Roots stresses the importance of “a well-flavoured base to cook the rice in”, and with two such bland main ingredients, you can afford to throw a few big hitters into the pot. Bacon clearly has a part to play here, but garlic and onion are also popular choices; the softer flavour of the yellow onion proves a mellower choice than Willinsky’s spring onion and chives. Thyme is mandatory, and it, and Roots and Ramoutar’s sweet, peppery allspice both remind me happily of my jerk chicken bonanza.

In contrast to jerk, however, heat is not on the agenda here; Willinsky, Ramoutar and Roots all use scotch bonnet chillis, but stress that they should be left whole and unpierced for the flavour without the heat. It’s thus important to push the pepper down into the rice to extract as much of this as possible, but ideally not to cackhandedly pull it out by the stem afterwards, so it disintegrates into mush, strewing its incendiary seeds throughout the dish.

The garnish

Rice and peas is not a dish, I suspect, that generally merits a garnish, but nevertheless, Ramoutar admits she’s taken yet more liberties by strewing the rice with pomegranate seeds and fried lime peel; both “bring a great tang and cashew nuts add a pleasant crunch”. They do indeed; not canonical, perhaps, but if you’d like to dress up a dish which is (and I say this very fondly), not a looker, then a scattering of garnet seeds and lightly toasted nuts does work wonders. To my mind, though, rice and peas are beautiful just as they are; served in a great big bowl, accompaniments entirely optional.

(serves 6)

200g dried kidney beans, soaked overnight

1 garlic clove, squashed

1 onion, finely chopped

180g smoked bacon lardons

400ml coconut milk

¼ tsp ground allspice

400g long grain rice

2 sprigs of thyme

1 scotch bonnet chilli

2 tsp butter or coconut oil (optional)

Put the soaked, drained beans in a large pan with 1 litre water and the garlic. Bring to a simmer, then turn down the heat, cover and cook until just tender; depending on the age of your beans, this should take between 1 and 2 hours.

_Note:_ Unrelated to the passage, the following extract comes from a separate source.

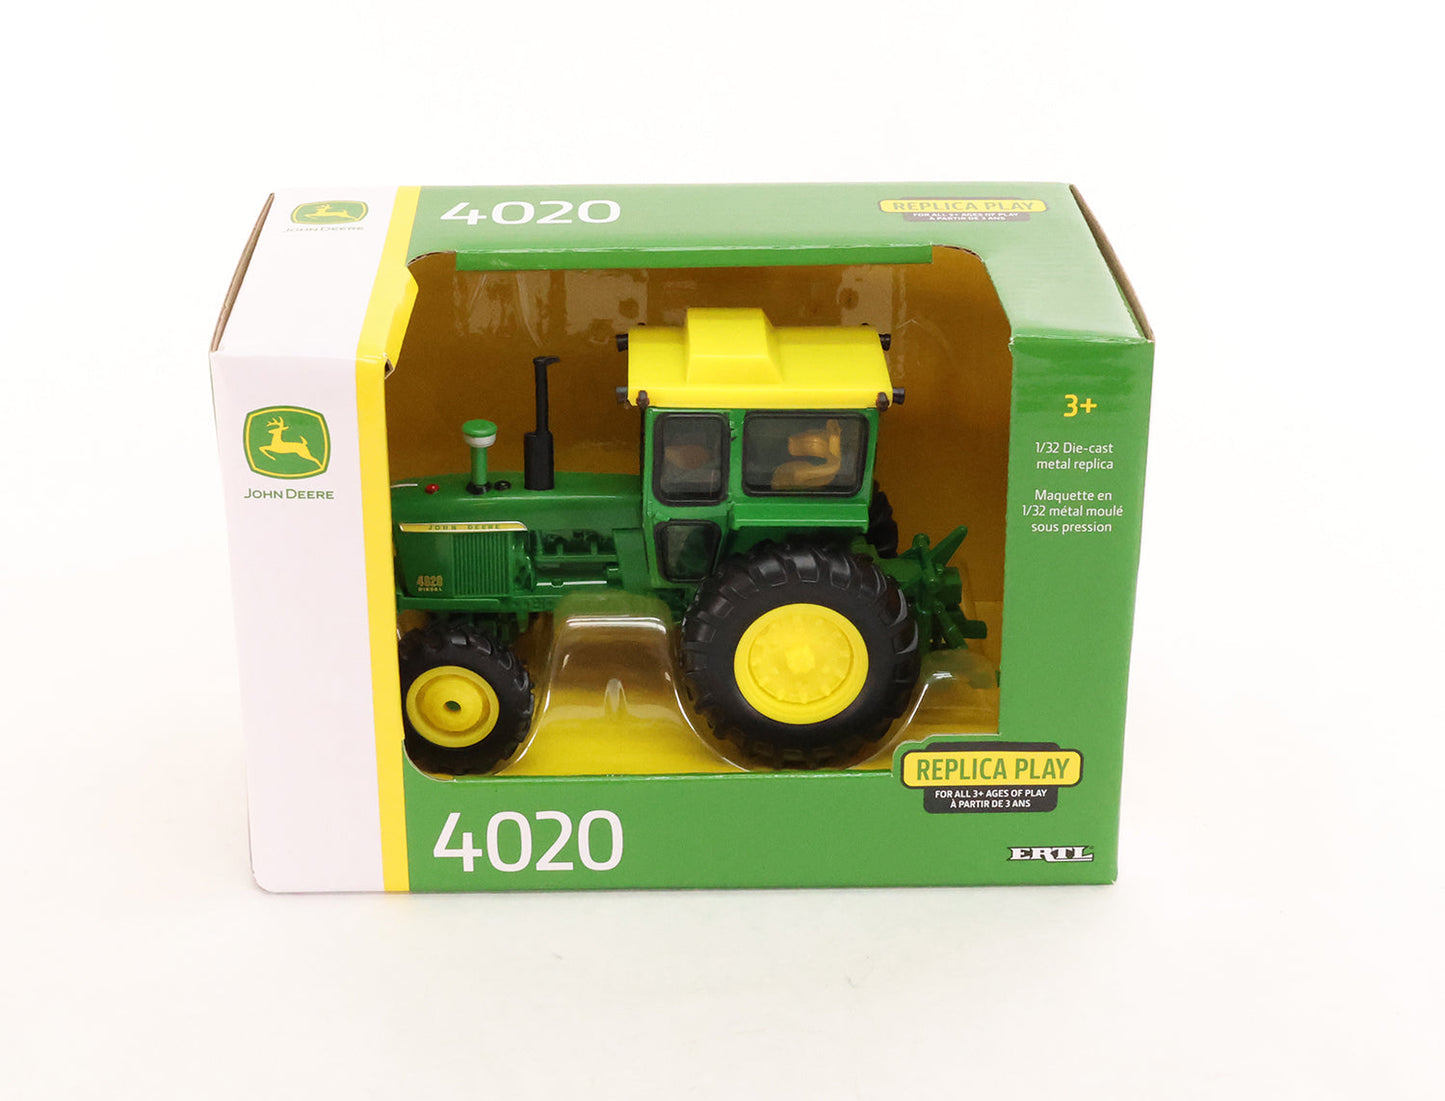 1/32 John Deere 4020 Diesel Tractor Toy - LP82807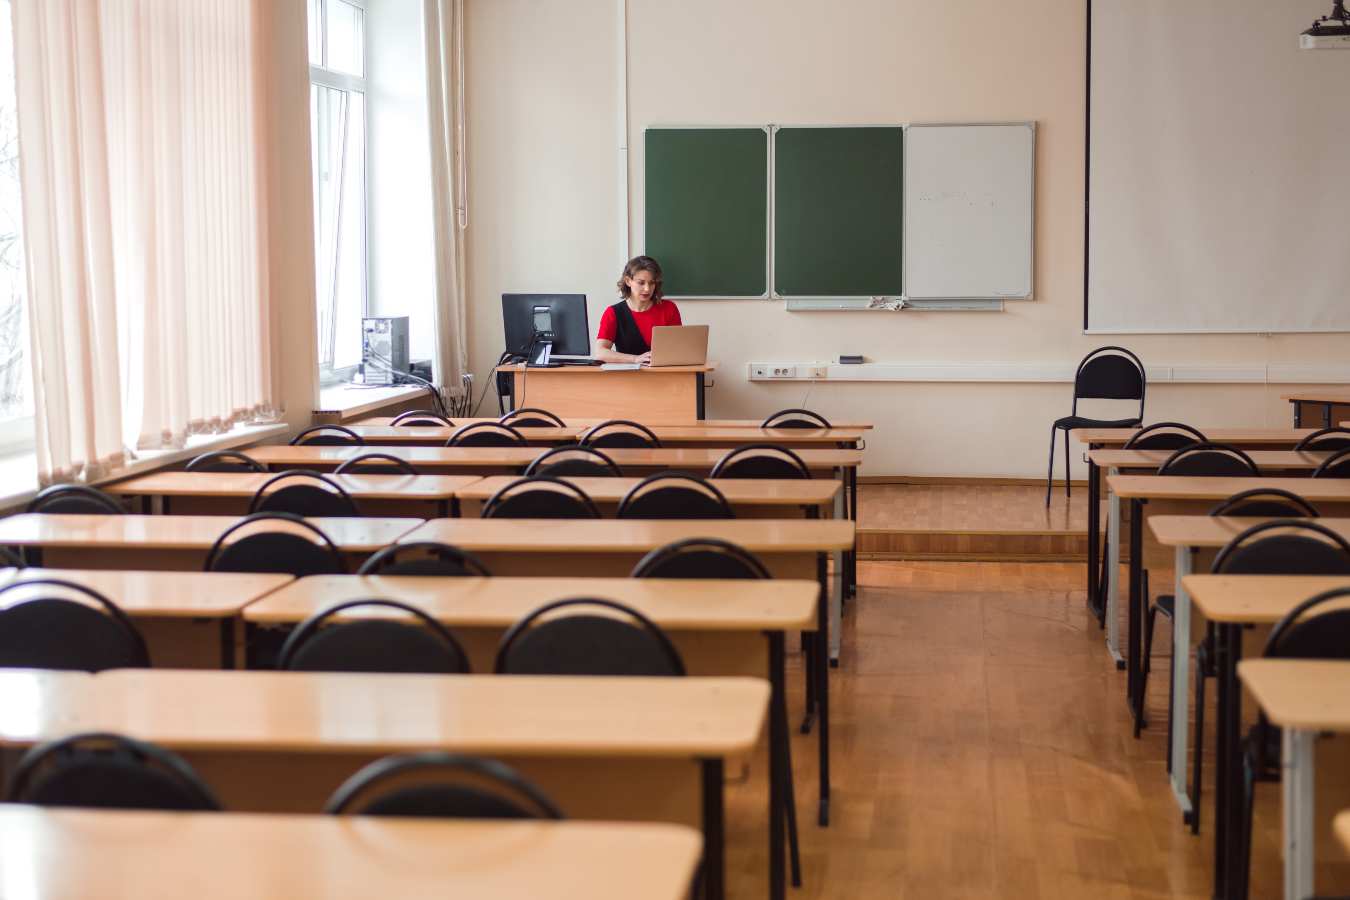 Strajk nauczycieli na początku roku szkolnego? “Będziemy walczyć o najlepsze rozwiązania dla polskiej edukacji”

Add the onion and bacon and cook for another 30 minutes. Meanwhile rinse the rice well in cold water until the water runs clear.

Stir in the coconut milk and allspice, followed by the rice, then tuck the thyme and whole chilli into the rice and add the fat if using. The liquid should come about 3cm above the level of the rice and beans. Season, bring to a simmer, then cover tightly, turn the heat right down and cook for about 30 minutes without removing the lid.

Locate and carefully remove the chilli, garlic and thyme. Fork through the rice to fluff it up, then season to taste.

Rice and peas, peas and rice; even, perhaps, stretching the concept a bit, risi e bisi: how do you make it, and what does it mean to you? How does it vary from island to island, even continent to continent, and do you still save it for Sundays?